20 C.M.A. 518 | United States Court of Military Appeals | 1971

Opinion of the Court

Darden, Judge:

The appellant escaped from correctional custody on March 20, 1970, and then departed from the Great Lakes, Illinois, Naval Training Center, on a 10-day unauthorized absence. Afterward he was convicted on his plea by a military judge at a special court-martial for the escape and the unauthorized absence. The question before us relates to the multiplicity of these offenses.

Because Stein’s escape also marked the start of the unauthorized absence, only one of the offenses is usable for sentencing. United States v Schwartz, 19 USCMA 431, 42 CMR 33 (1970); United States v Pearson, 19 USCMA 379, 41 CMR 379 (1970); United States v Weaver, 20 USCMA 58, 42 CMR 250 (1970); United States v Welch, 9 USCMA 255, 26 CMR 35 (1958); United States v Modesett, 9 USCMA 152, 25 CMR 414 (1958); and United States v Franklin, 12 USCMA 477, 31 CMR 63 (1961). Neither counsel raised the issue of multiplicity at trial, and the record fails to show that the military judge regarded the charges as one when he imposed sen*519tence. To the contrary, the military judge, during his inquiry about the guilty plea, informed the appellant of the maximum punishment imposable for the two offenses.

In a general court-martial this information alone would reflect the judge’s decision on whether both offenses affect the limit of sentencing. Here, the maximum is set by the statutory limit on the sentence a special court-martial may impose. Both offenses, or the escape alone, could support a more severe sentence than a special court-martial is authorized to adjudge. See Table of Maximum Punishments, Manual for Courts-Martial, United States, 1969 (Revised edition), paragraph 127c.

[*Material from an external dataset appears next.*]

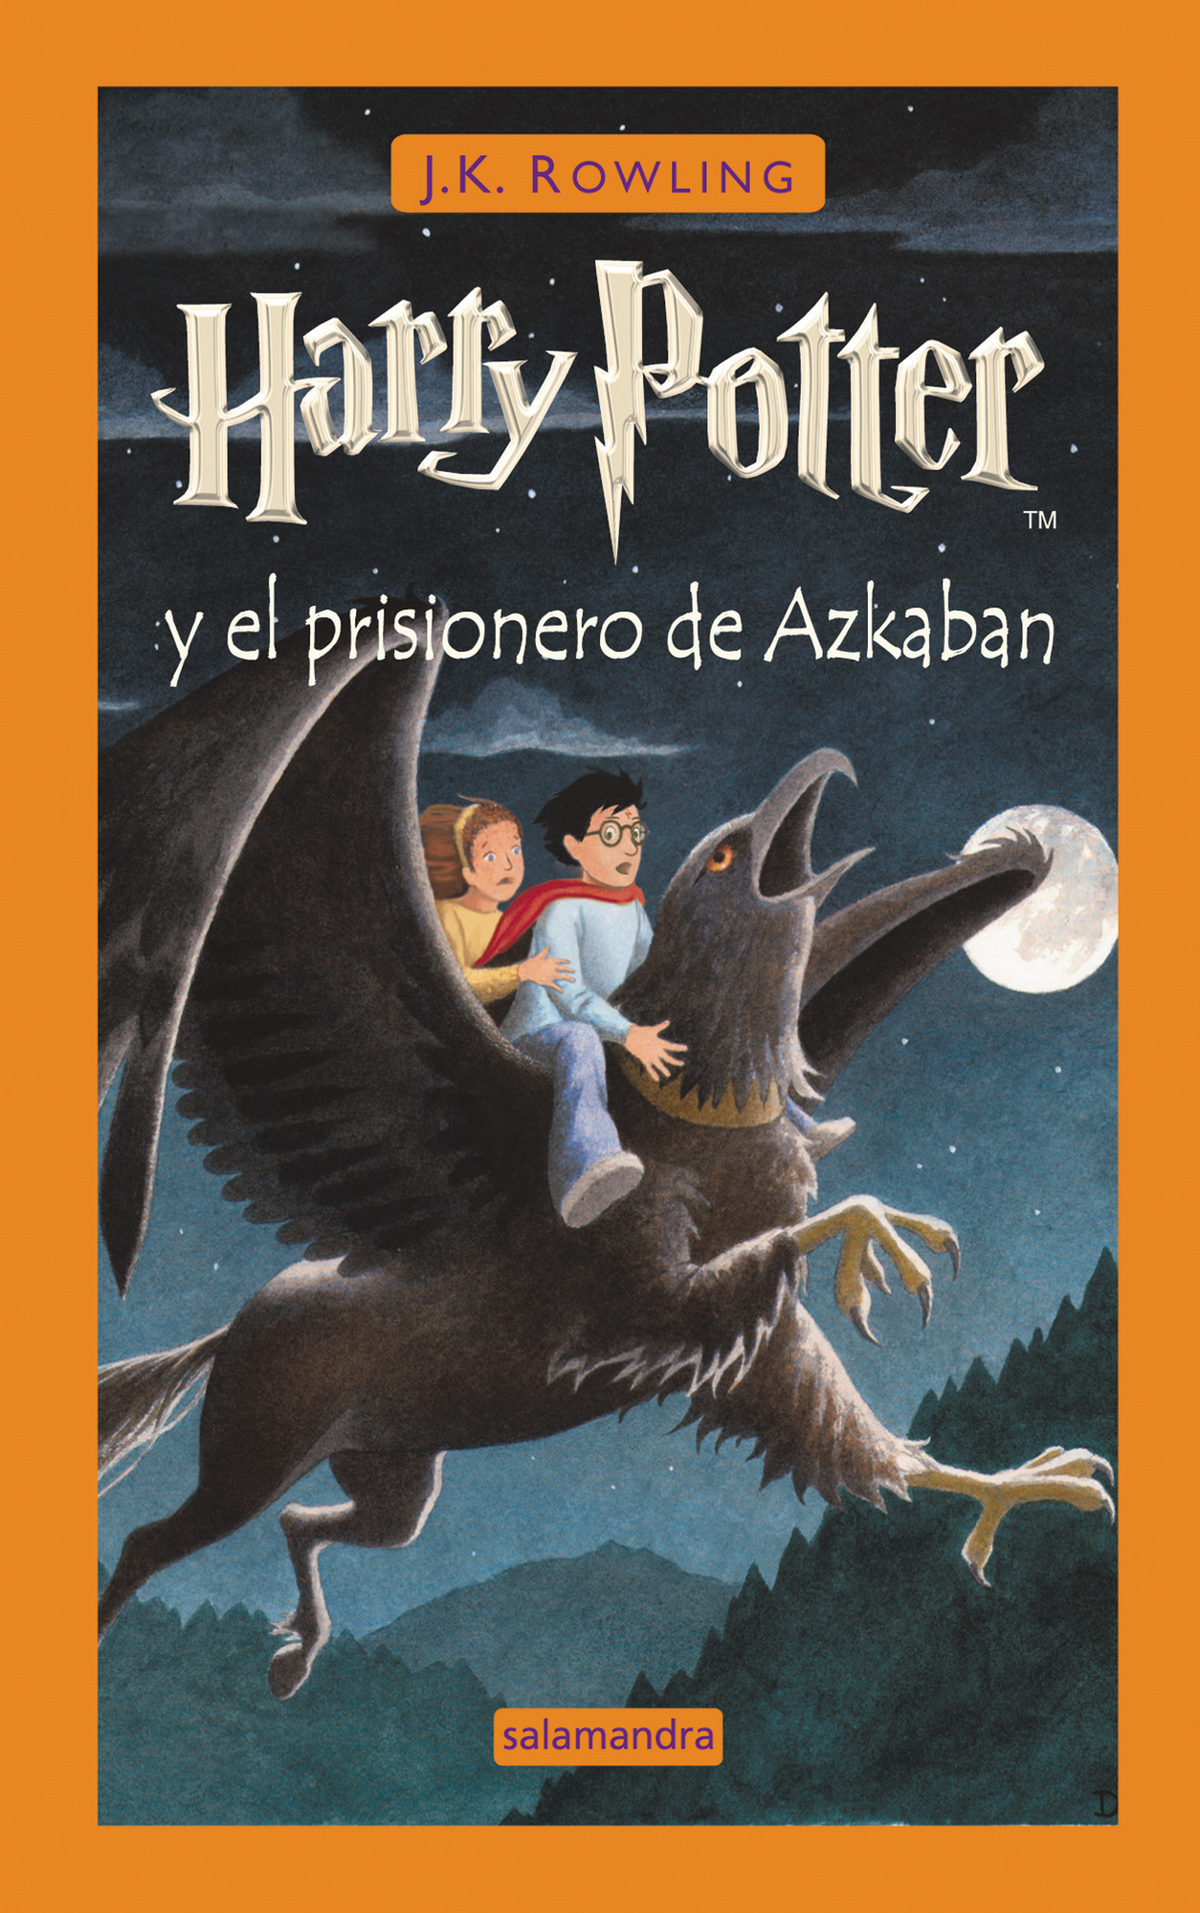 Harry Potter y el prisionero de Azkaban | Harry Potter Wiki | Fandom

If the members of a court had determined this sentence, uncertainty about whether they consider the offenses as separate in their decision might require a rehearing. Cf. United States v Posnick, 8 USCMA 201, 24 CMR 11 (1957); United States v Woolley, 8 USCMA 655, 25 CMR 159 (1958). A military judge alone sentenced this appellant. In United States v Montgomery, 20 USCMA 35, 39, 42 CMR 227 (1970), the Court’s opinion declared that a military judge:

“. . . [A]s distinguished from a jury, must be presumed to have exercised the proper discretion in distinguishing between material and immaterial evidence introduced at the trial and to have based his decision only on the former, in the absence of a clear showing to the contrary by the appellant. United States v Menk, 406 F2d 124 (CA7th Cir) (1968). Although consideration by members of the court of irrelevant evidence might be more easily prejudicial, we are satisfied that the military judge was uninfluenced in establishing a sentence by an indication that the appellant was affiliated with a particular denomination.”

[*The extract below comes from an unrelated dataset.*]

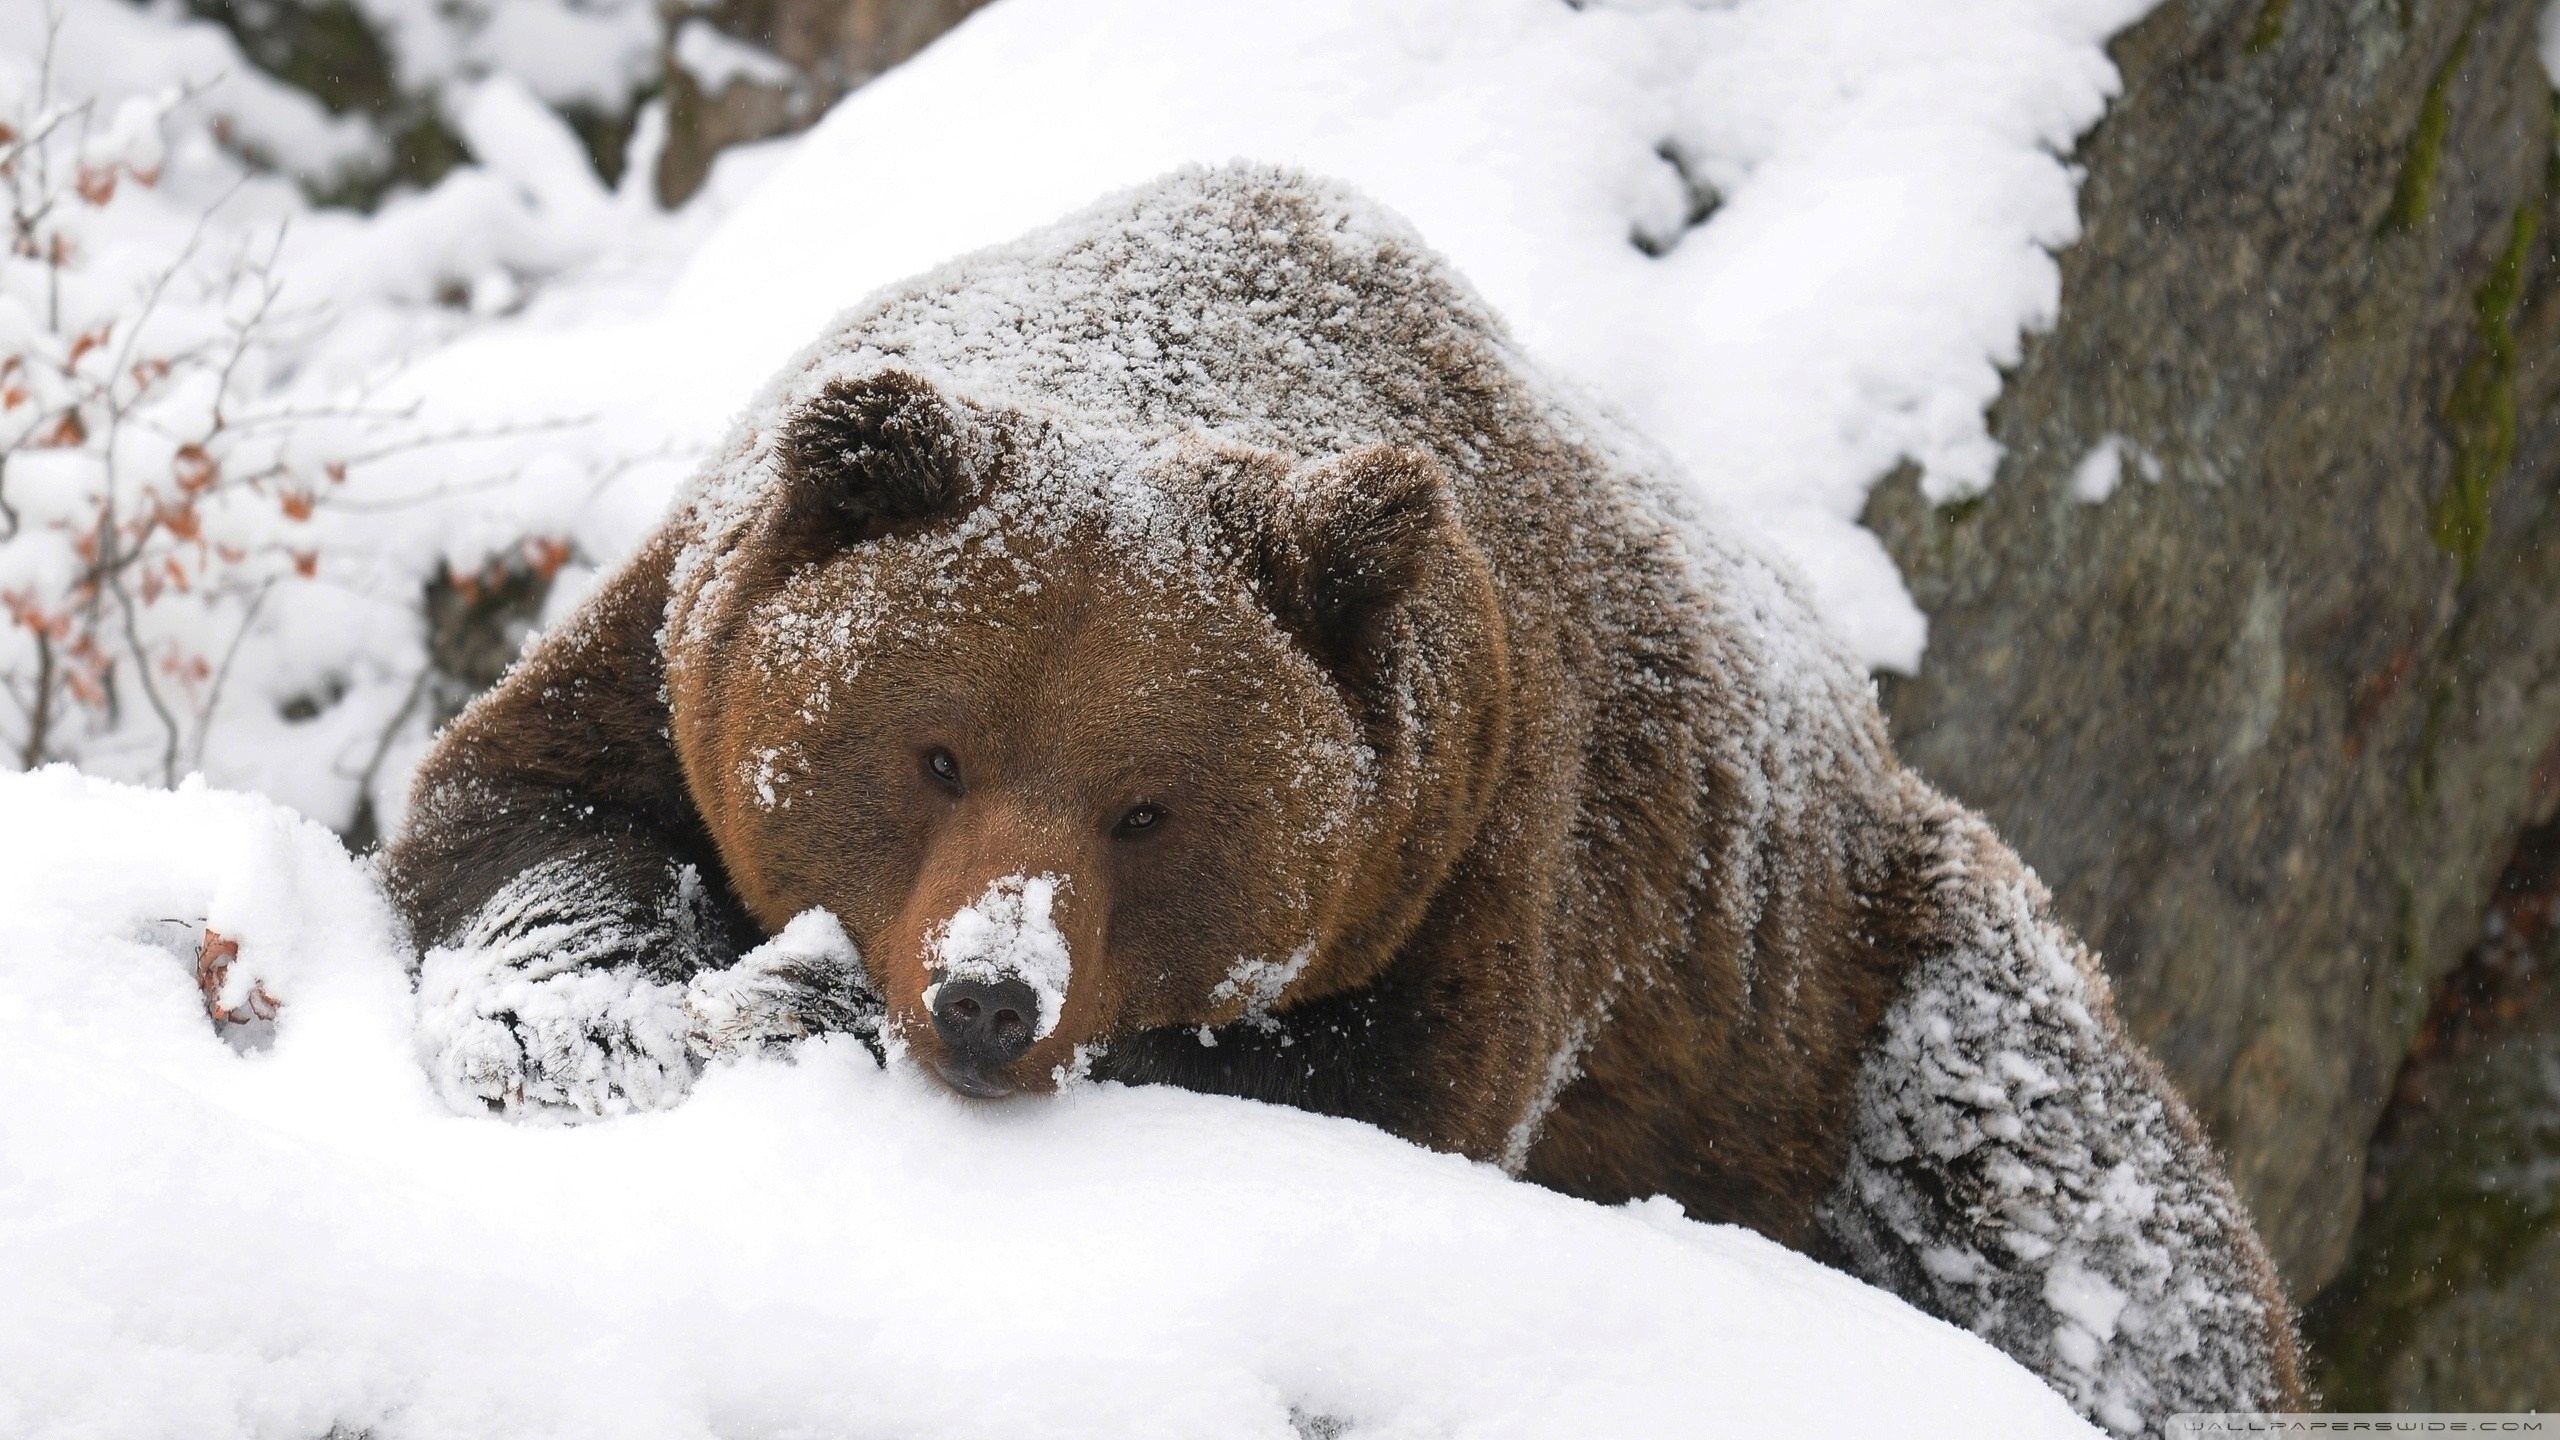 Зверь пробуждение. Бурый медведь зимой в берлоге. Медведь Гризли в берлоге. Медведь Гризли спячка. Бурый медведь в спячке.

Applying the same reasoning, we are satisfied the military judge in this case knew the offenses should be treated as only one for sentencing.

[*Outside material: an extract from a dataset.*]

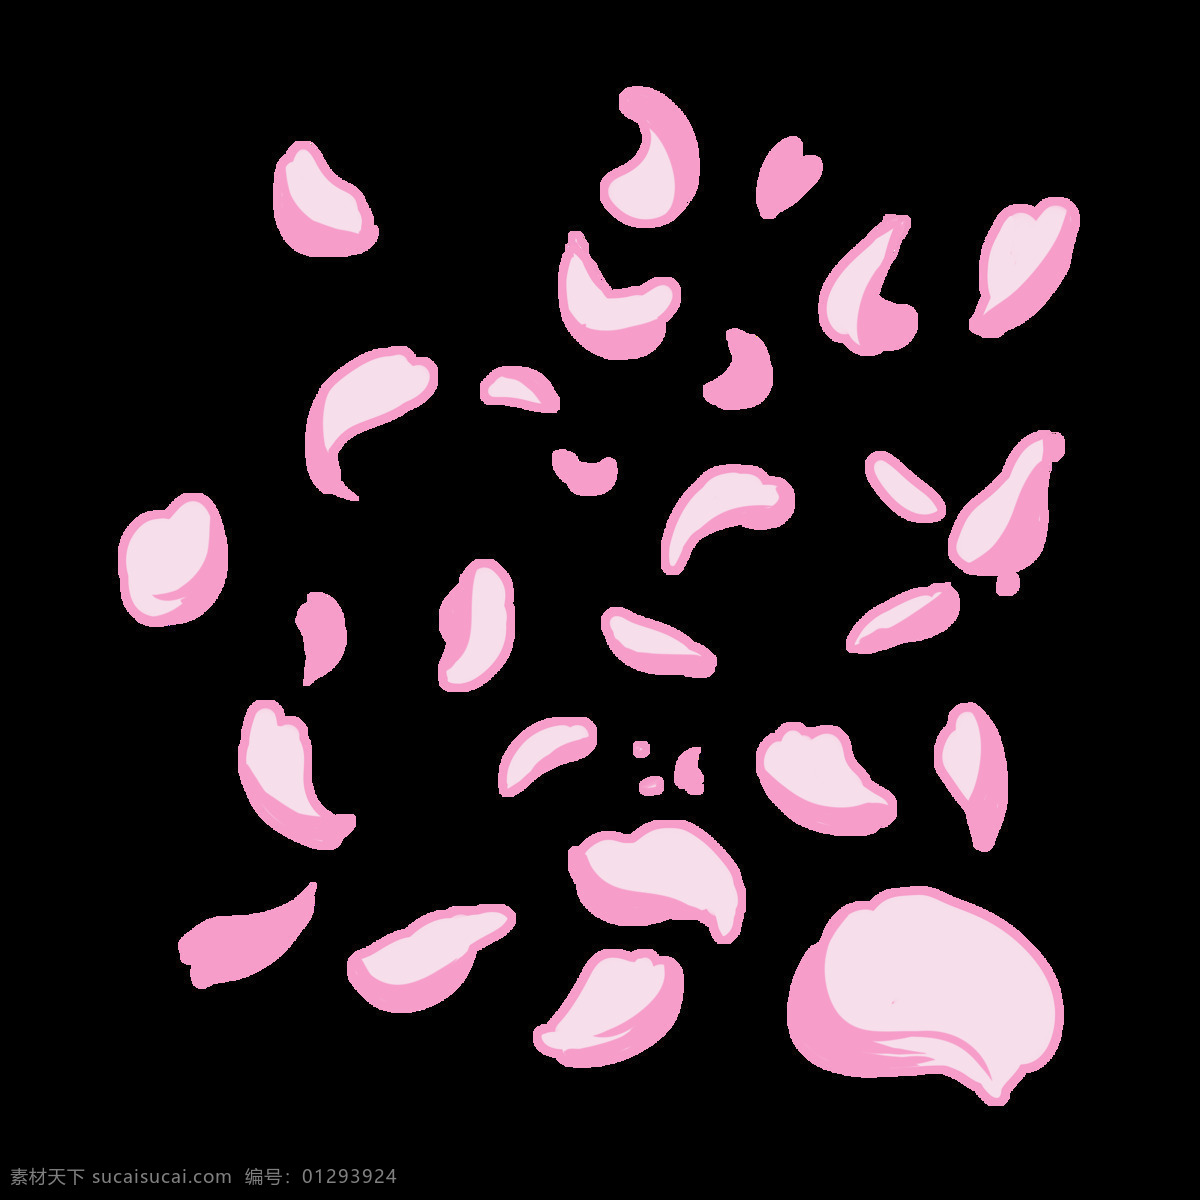 粉色 花瓣 手绘 插画 粉色的花瓣 漂亮的花瓣 手绘花瓣 卡通花瓣 漂浮的花瓣 花瓣装饰 鲜花花瓣

Lack of comment during trial by counsel and the military judge may indicate a common understanding that the offenses would be treated as multi-plicious for sentence purposes, as appellate Government counsel suggest. Unexplicit records inspire speculation and uncertainty, however. Military judges and trial counsel could forestall controversy in this area by recording their views on sentencing multiplicity and we strongly urge that they do so, particularly in special courts-martial.

We affirm the decision of the Court, of Military Review.

Chief Judge Quinn and Judge Ferguson concur.